The lesson for the DNC, DCCC, the DSCC, and every damn consultant who’s suggested running on an anodyne “don’t make waves” agenda without naming who’s screwing everyday Americans is clear: the New Affordability Agenda isn’t just good policy, it’s also good politics.

It tells voters exactly who’s stealing from them and offers concrete steps progressive candidates will fight to actually deliver. That’s the formula Bernie Sanders has been pushing for three decades (and did for 11 years weekly on my radio program), the formula AOC and Zohran Mamdani just rode to victory in New York, and the formula Platner just used to blow Janet Mills out of the water.

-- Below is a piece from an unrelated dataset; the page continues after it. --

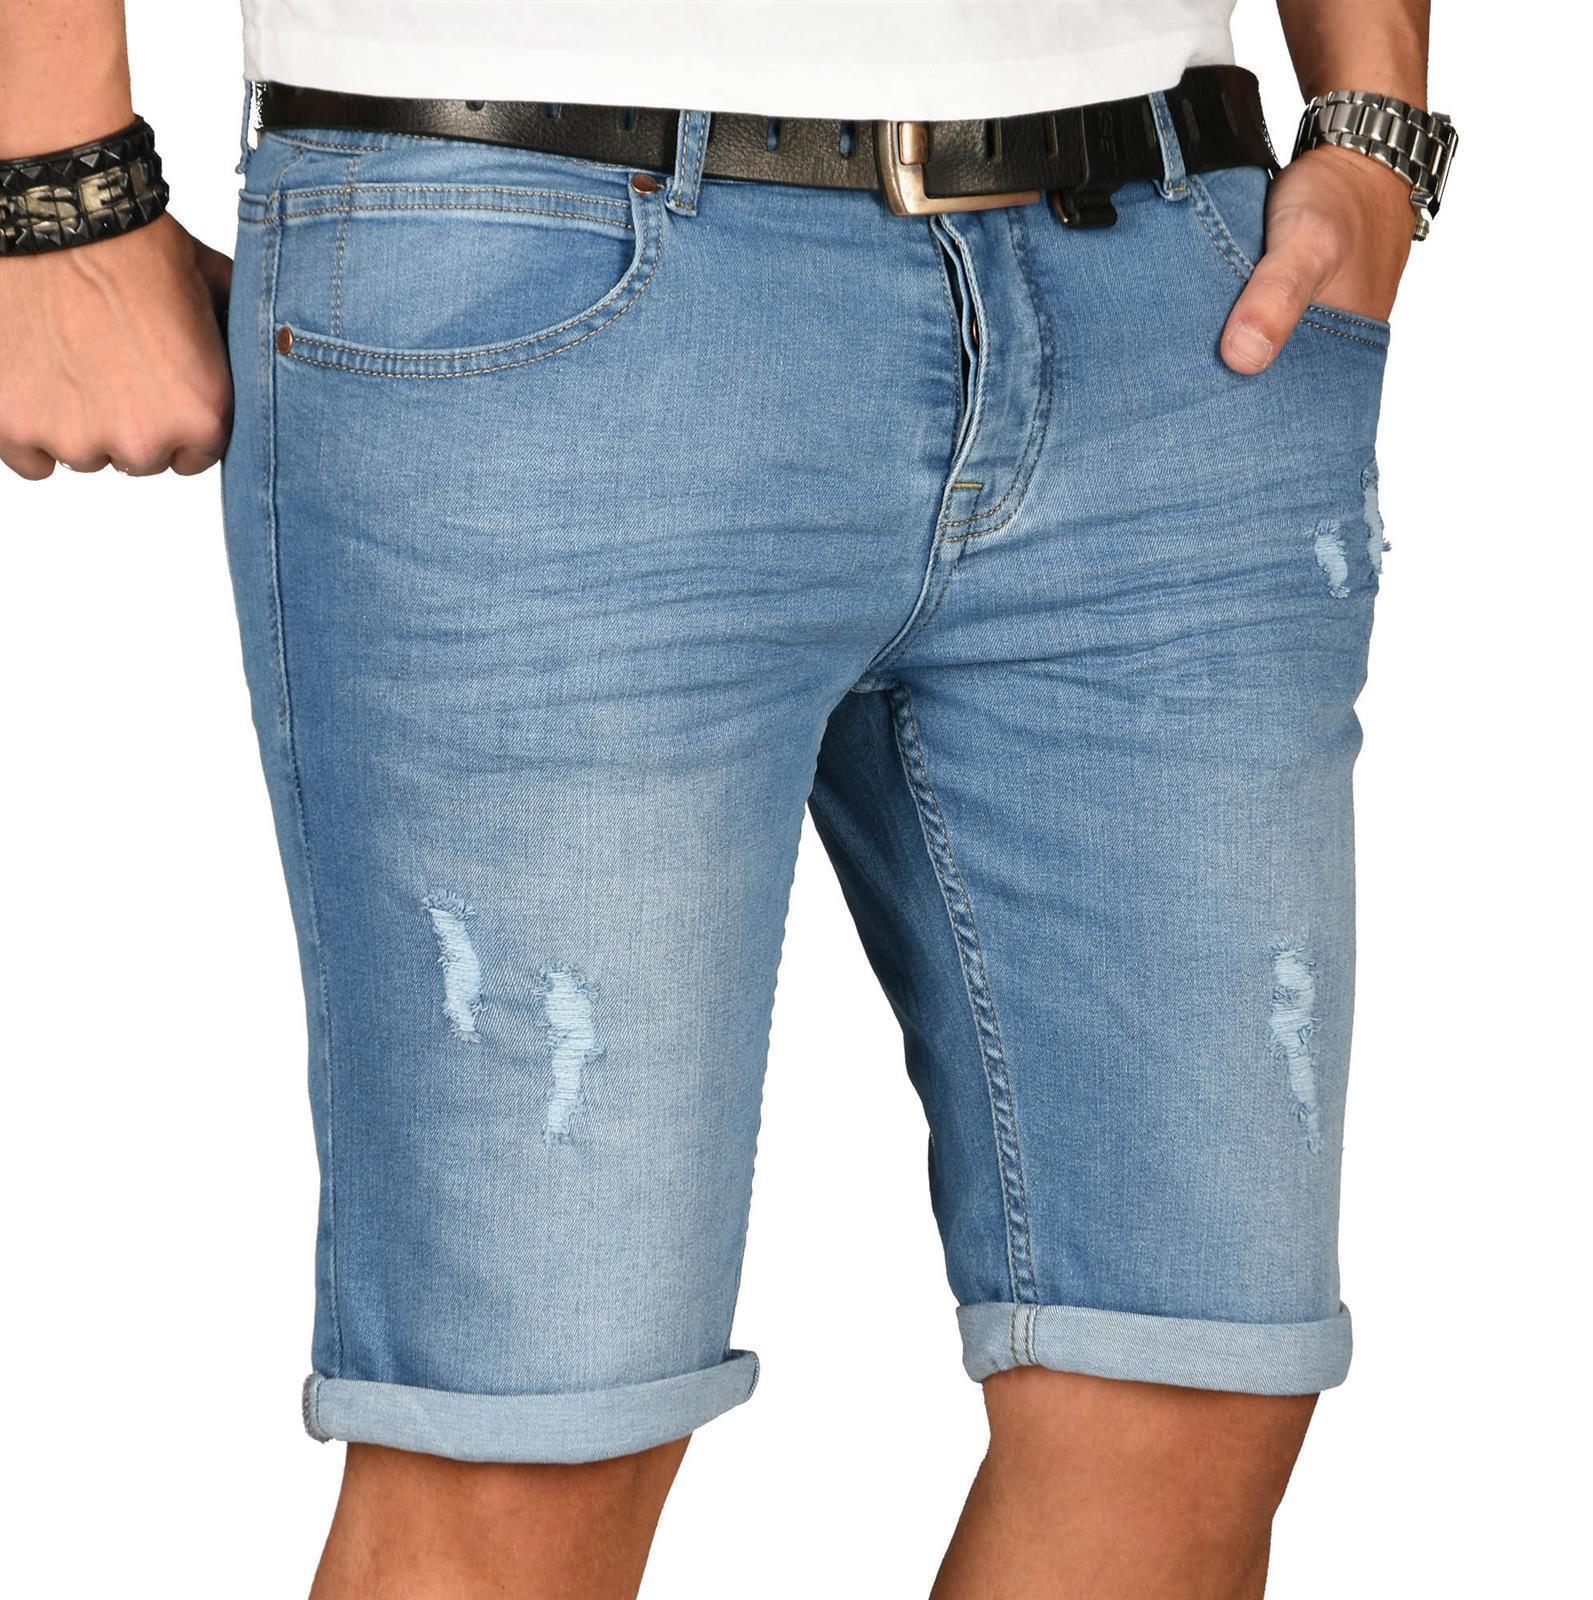 A-Salvarini-Herren-Designer-Jeans-Short-kurze-Hose-Slim-Sommer-Shorts-Washed Indexbild 19
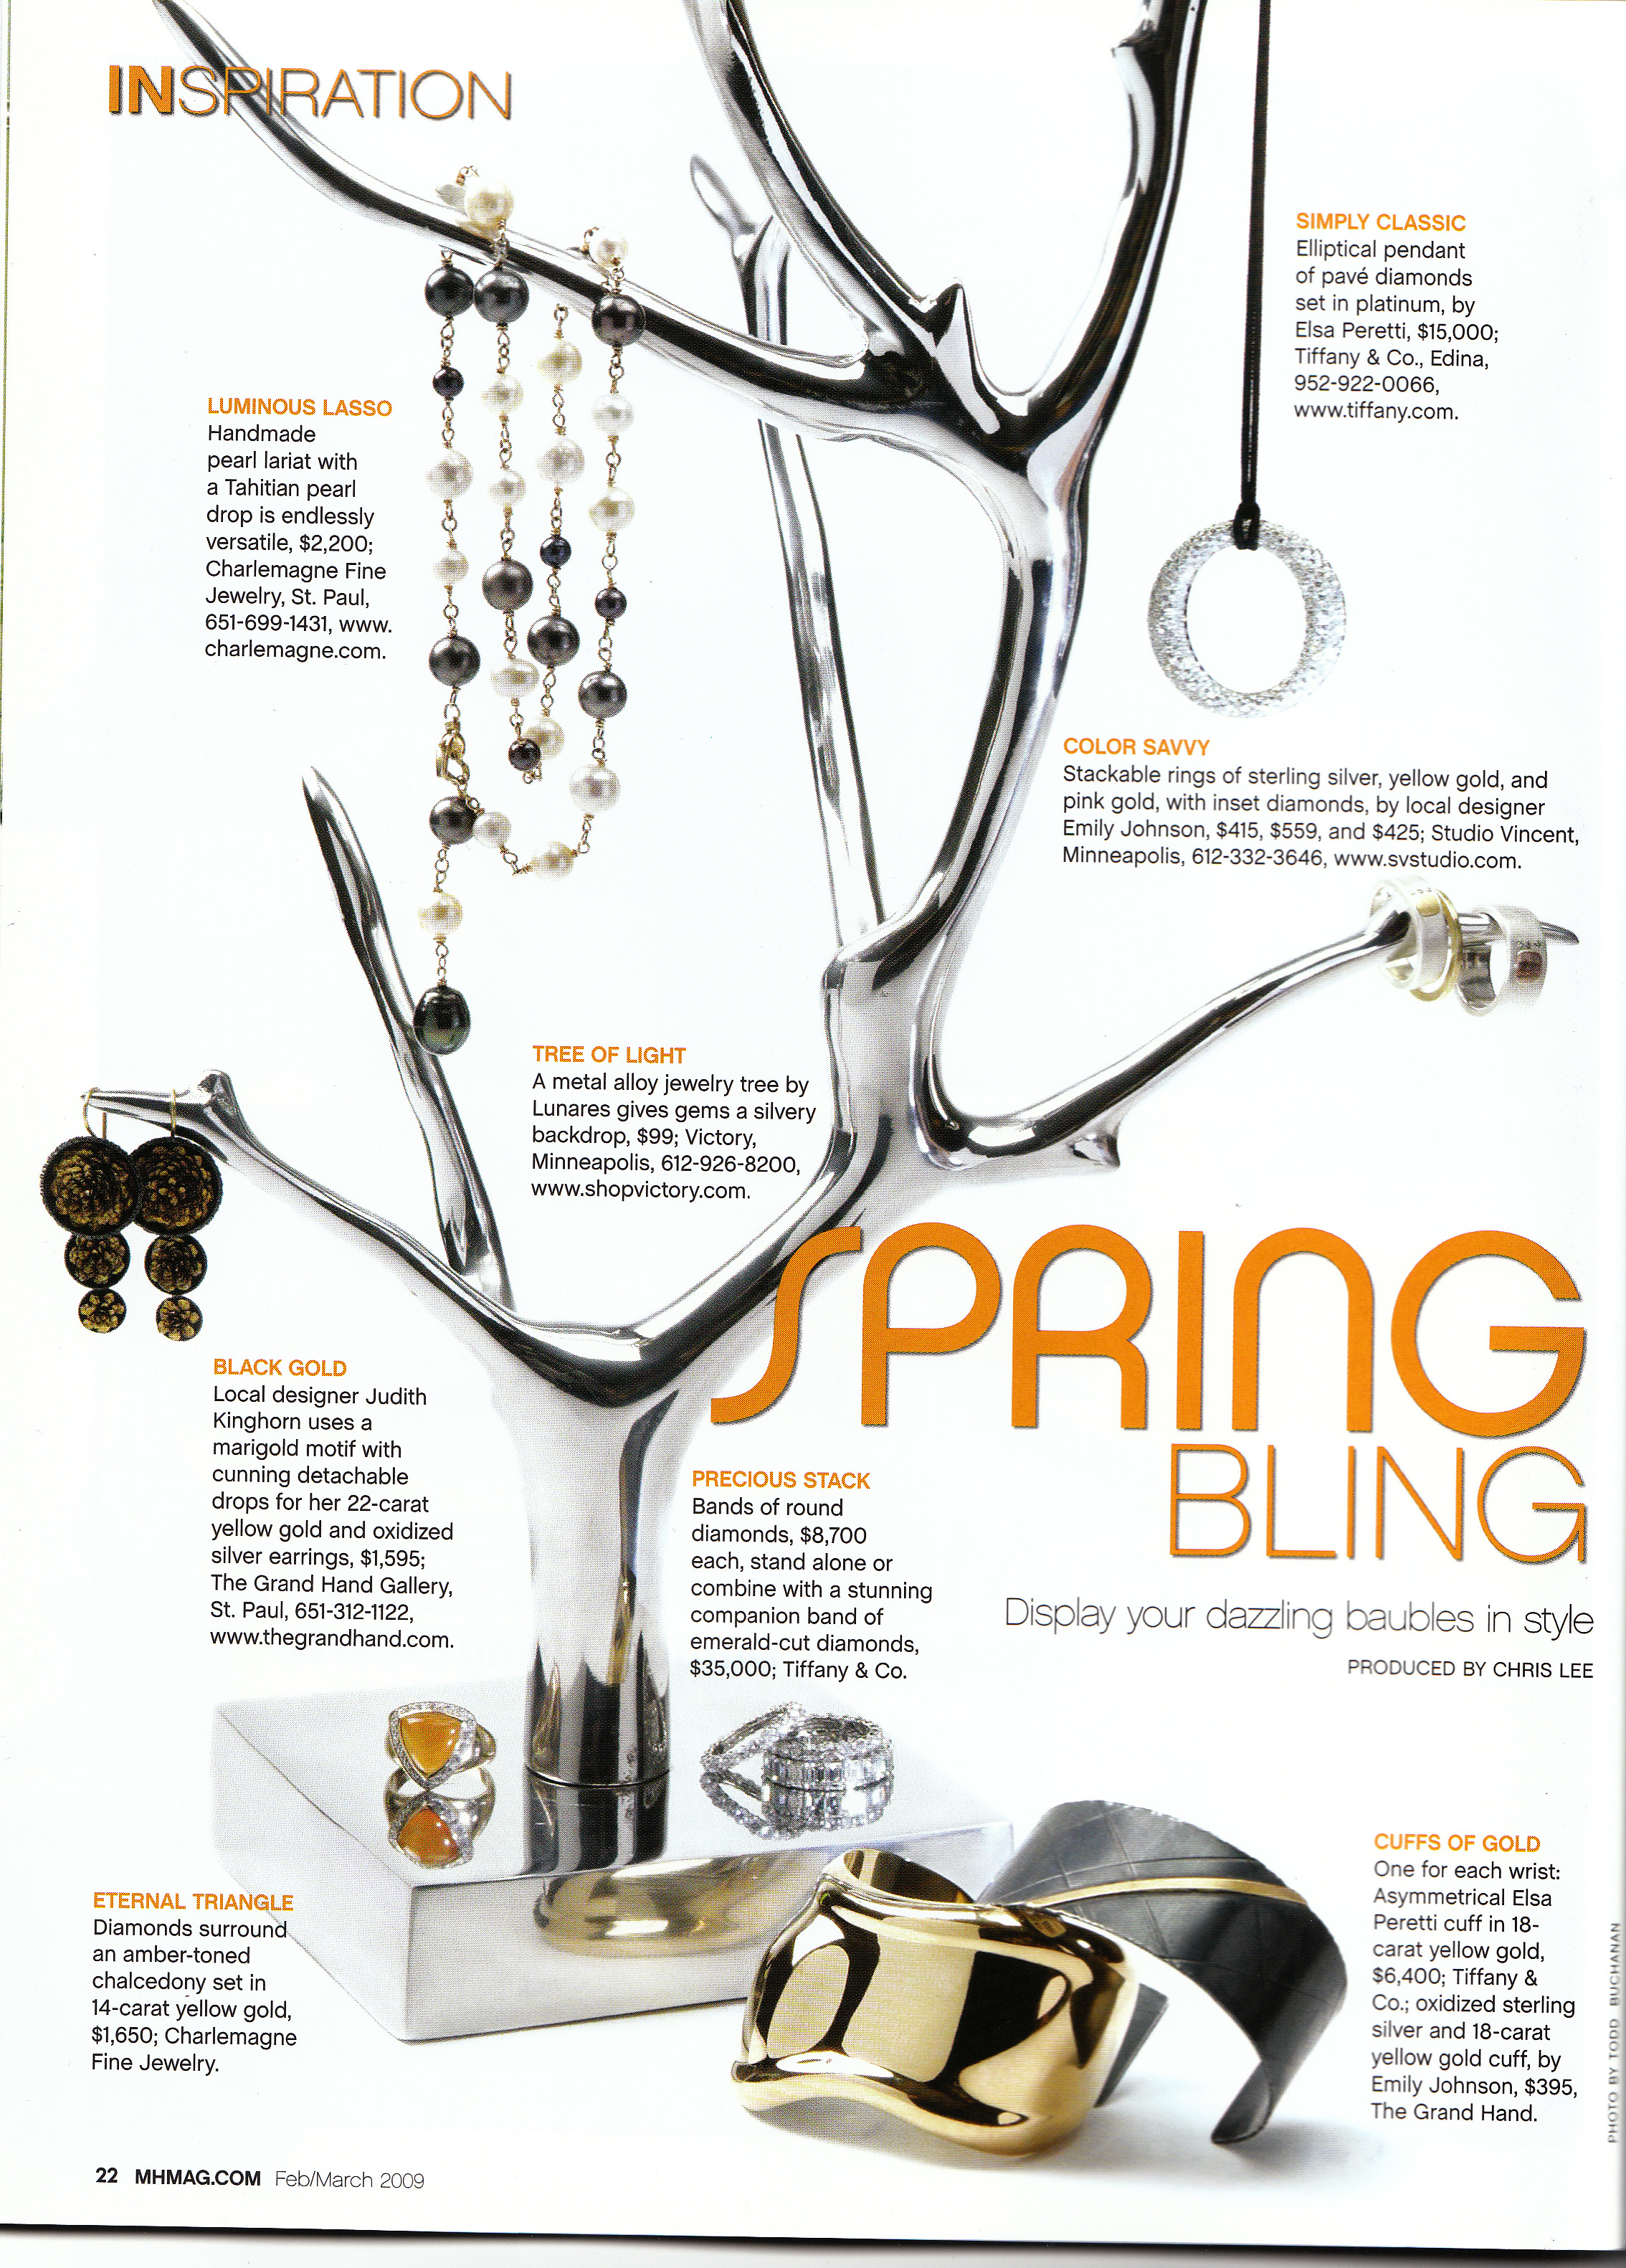 Springbling.jpg

So, reach out to your Democratic member of Congress and senators and tell them to sign onto the New Affordability Agenda. Tell them you want fighters, not neoliberal wusses.

If you’re in Maine, help Graham Platner finish the job and send Susan Collins home in November. And if you’re anywhere else, find the populist progressives in your state’s primary and back them, too, or sign up to run yourself.

Maine just showed the rest of the country what’s possible when Democrats finally stop wimping out and trying to appease Republicans. Voters want candidates like Graham Platner who’ll take names and kick ass.

It’s now on the rest of us to follow their lead.